Could you retype the lines below, starting at the line holding "KTZ New York" and stopping at the line holding "Pack: Todo sobre Verne", inclusive? Copy them exactly and drop the images.

§ **Provided records**
#####

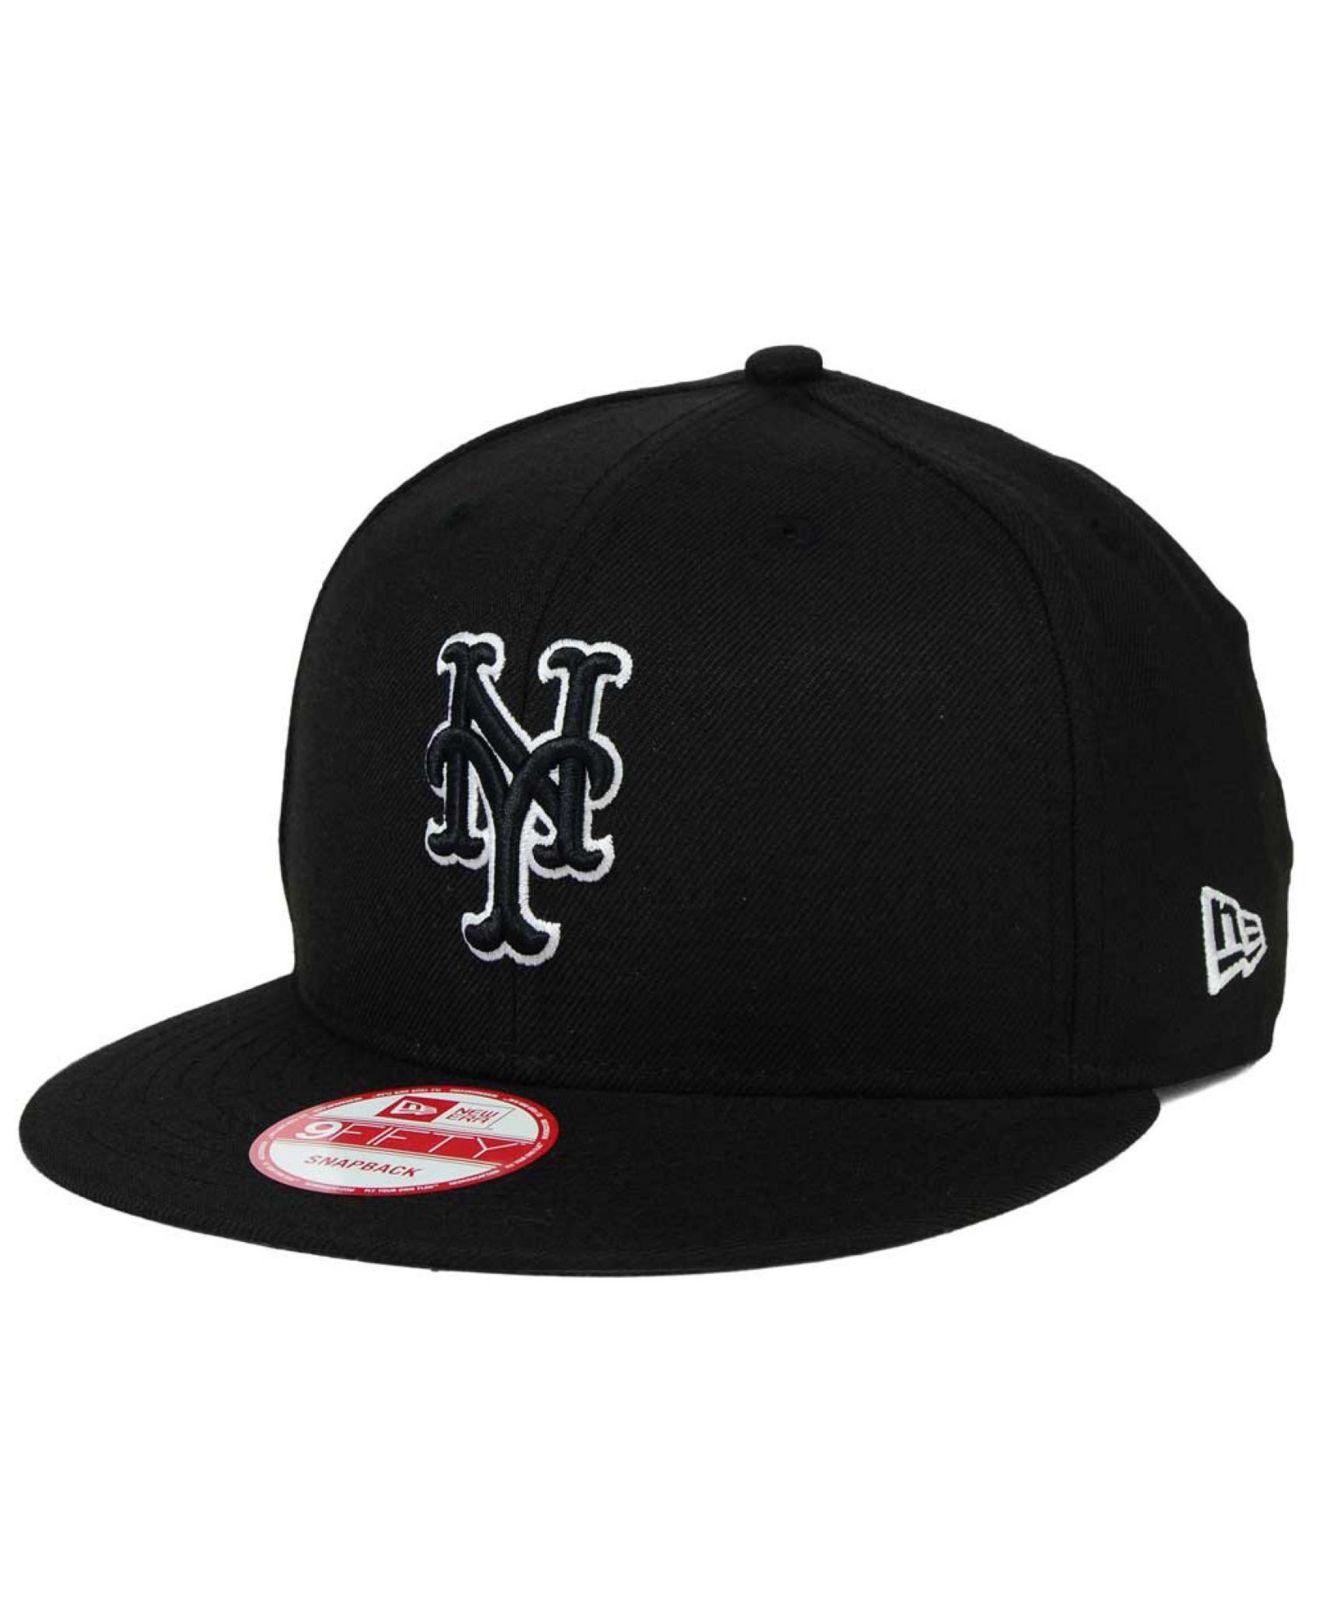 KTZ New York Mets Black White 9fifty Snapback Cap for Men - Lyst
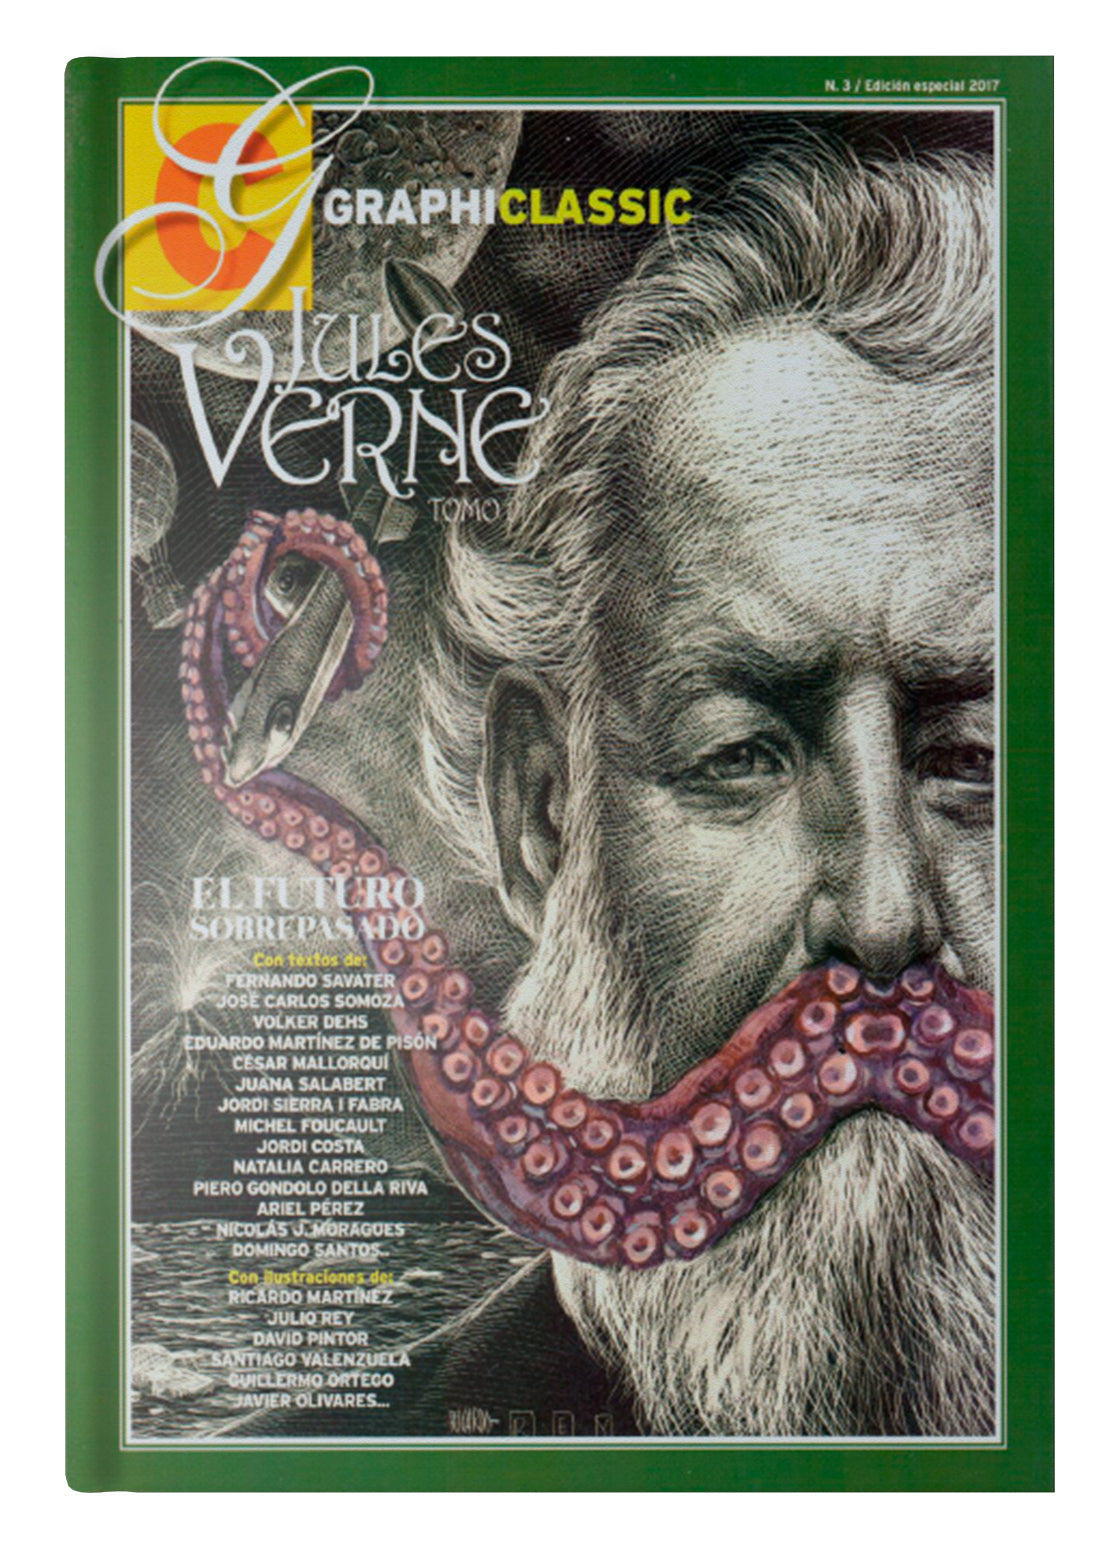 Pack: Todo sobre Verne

#####

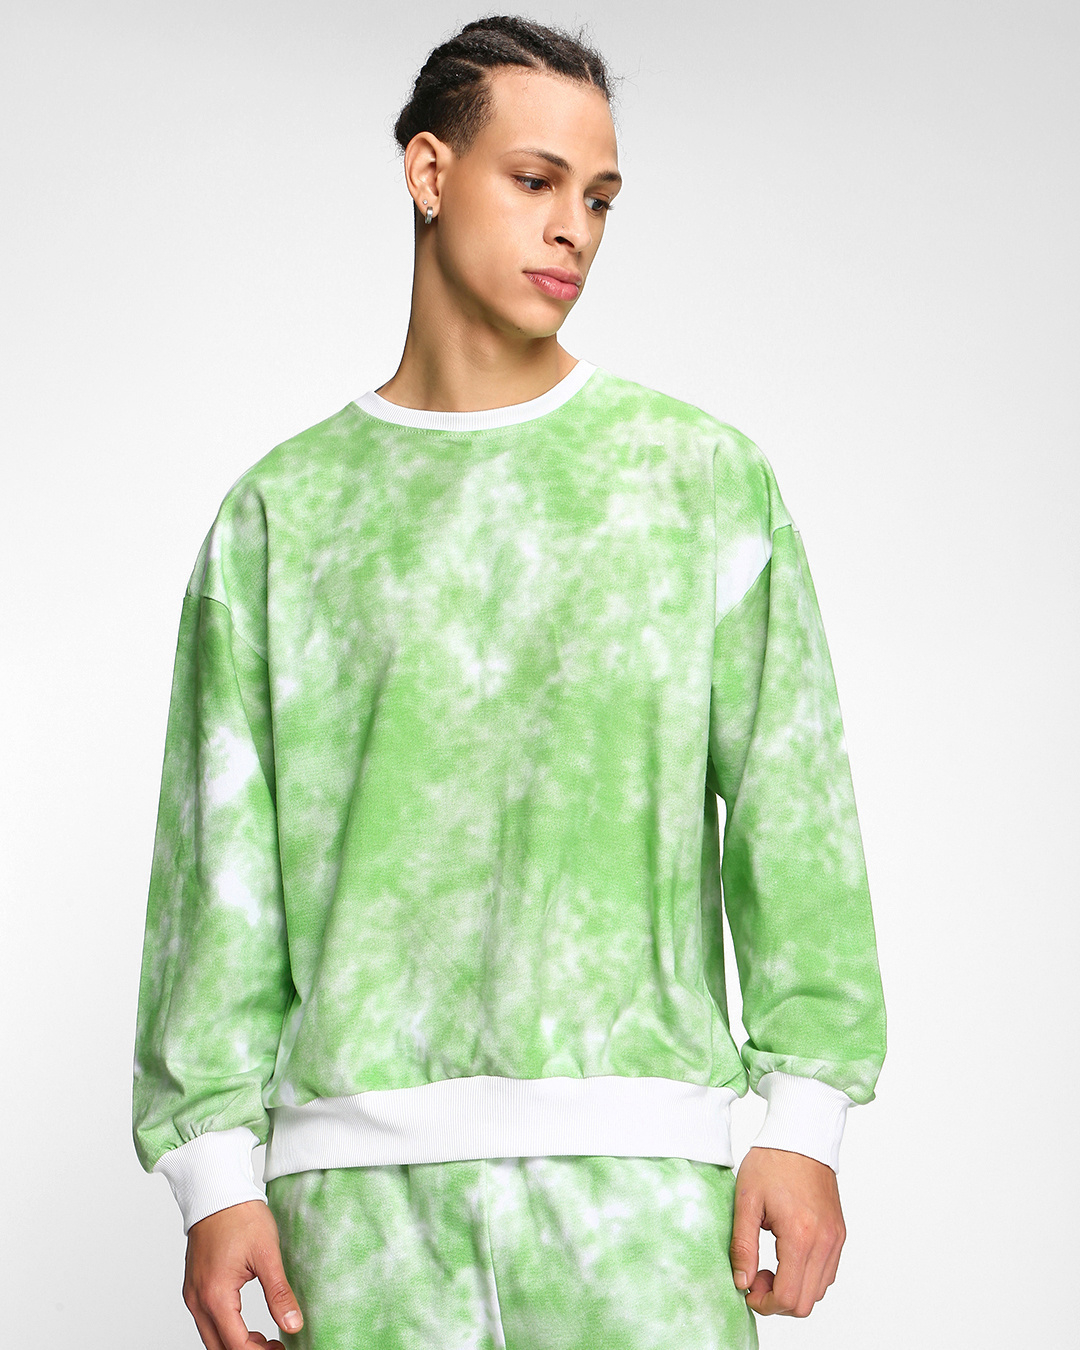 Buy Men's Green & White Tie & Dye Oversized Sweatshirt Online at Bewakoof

#####

§ **Output of the exercise**
 KTZ New York Mets Black White 9fifty Snapback Cap for Men - Lyst
 Pack: Todo sobre Verne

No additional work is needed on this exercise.